The early Flowers, such as Amaranthus were 205 ft 0 in long overall, 196 ft 0 in at the waterline and 190 ft 0 in between perpendiculars. Beam was 33 ft 0 in and draught was 14 ft 10 in aft. Displacement was about 940 LT standard and 1170 LT full load. Two Admiralty Three-drum water tube boilers fed steam to a Vertical Triple Expansion Engine rated at 2750 ihp which drove a single propeller shaft. This gave a speed of 16 kn. 200 tons of oil were carried, giving a range of 4000 nmi at 12 kn.

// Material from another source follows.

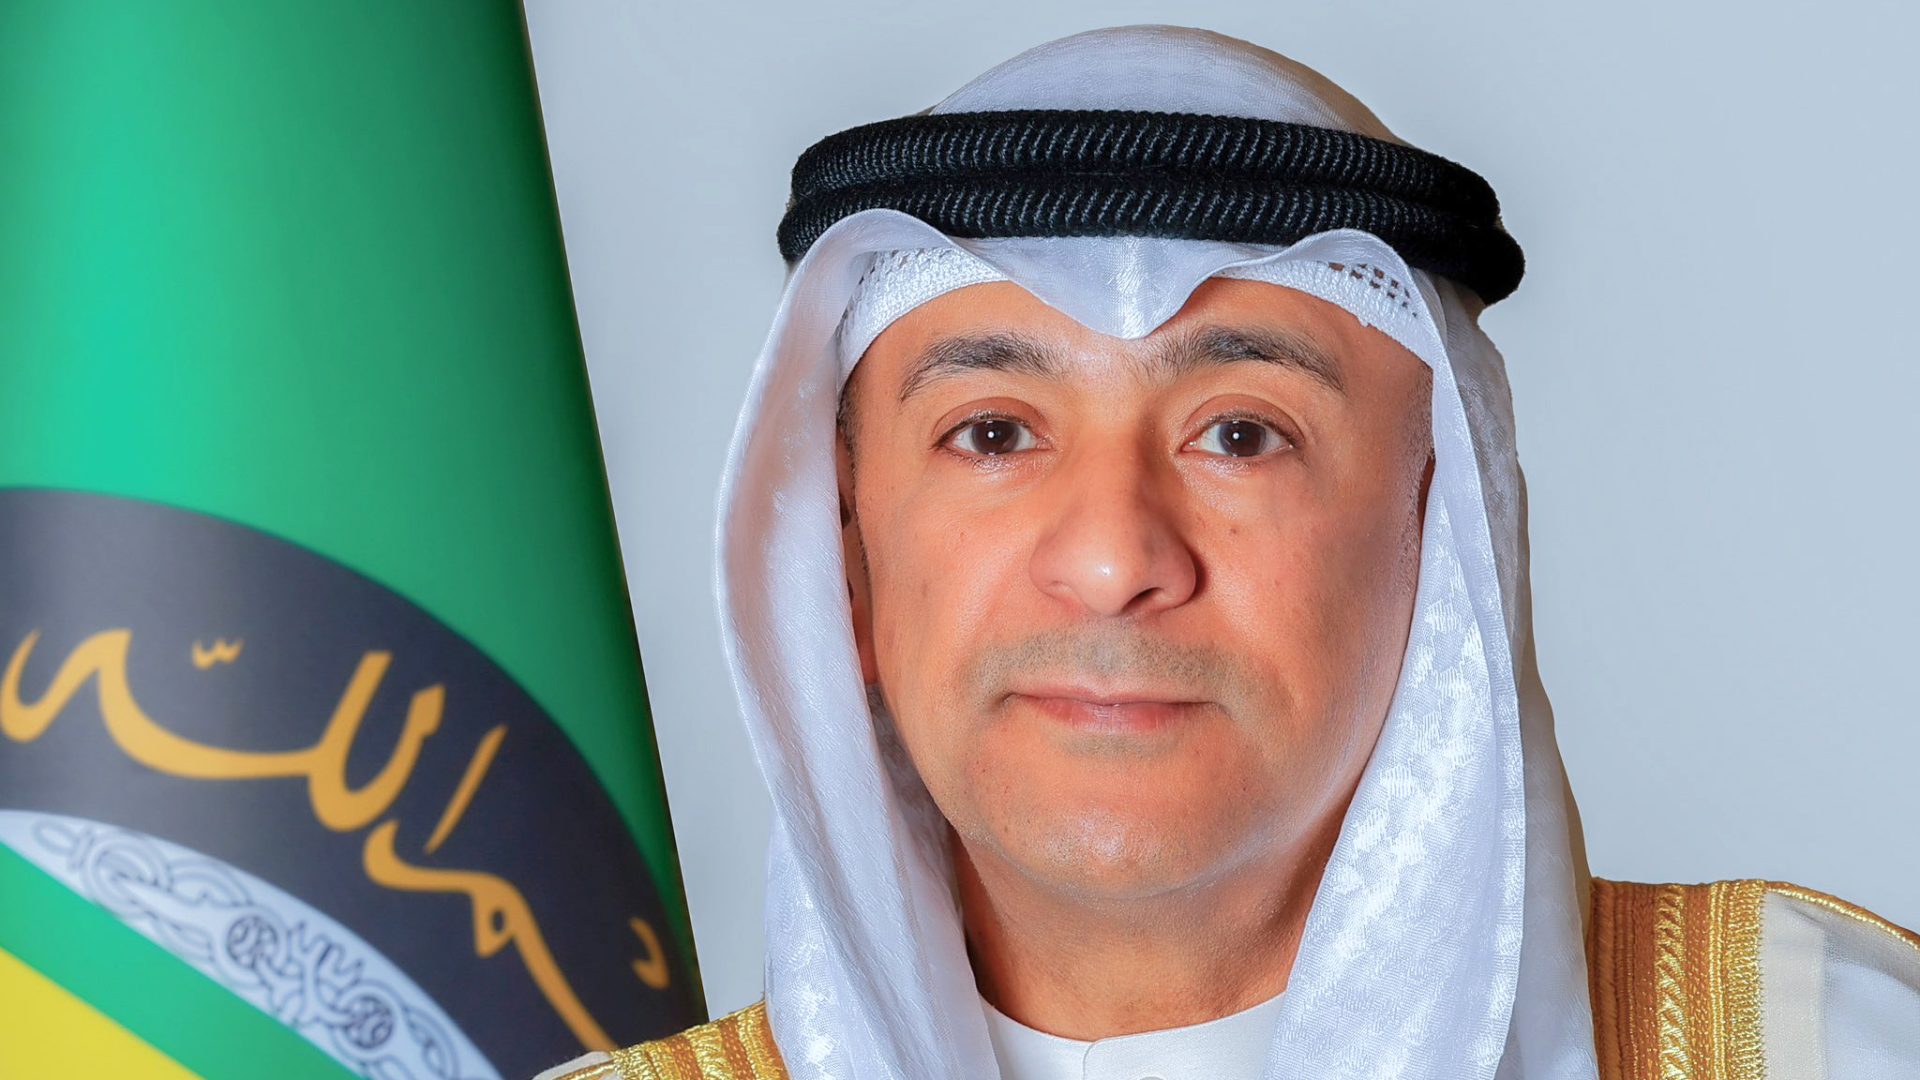 Secrétaire général du Conseil de coopération du Golfe : Les actions imprudentes d'Israël auront des conséquences désastreuses

Design armament was a single BL 4-inch Mk IX naval gun forward and a single 2-pounder "pom-pom" anti-aircraft cannon aft, although the pom-poms were not available until 1941, so early ships were completed with improvised close-range anti aircraft armament such as Lewis guns or Vickers .50 machine guns instead.

Amaranthus was one of a group of ten Flower-class corvettes ordered by the Admiralty on 21 September 1939. The ship was laid down at the Scottish shipbuilder Fleming and Ferguson's Paisley shipyard as Yard number 563 on 4 May 1940. She was launched on 17 October 1940 and completed on 12 February 1941.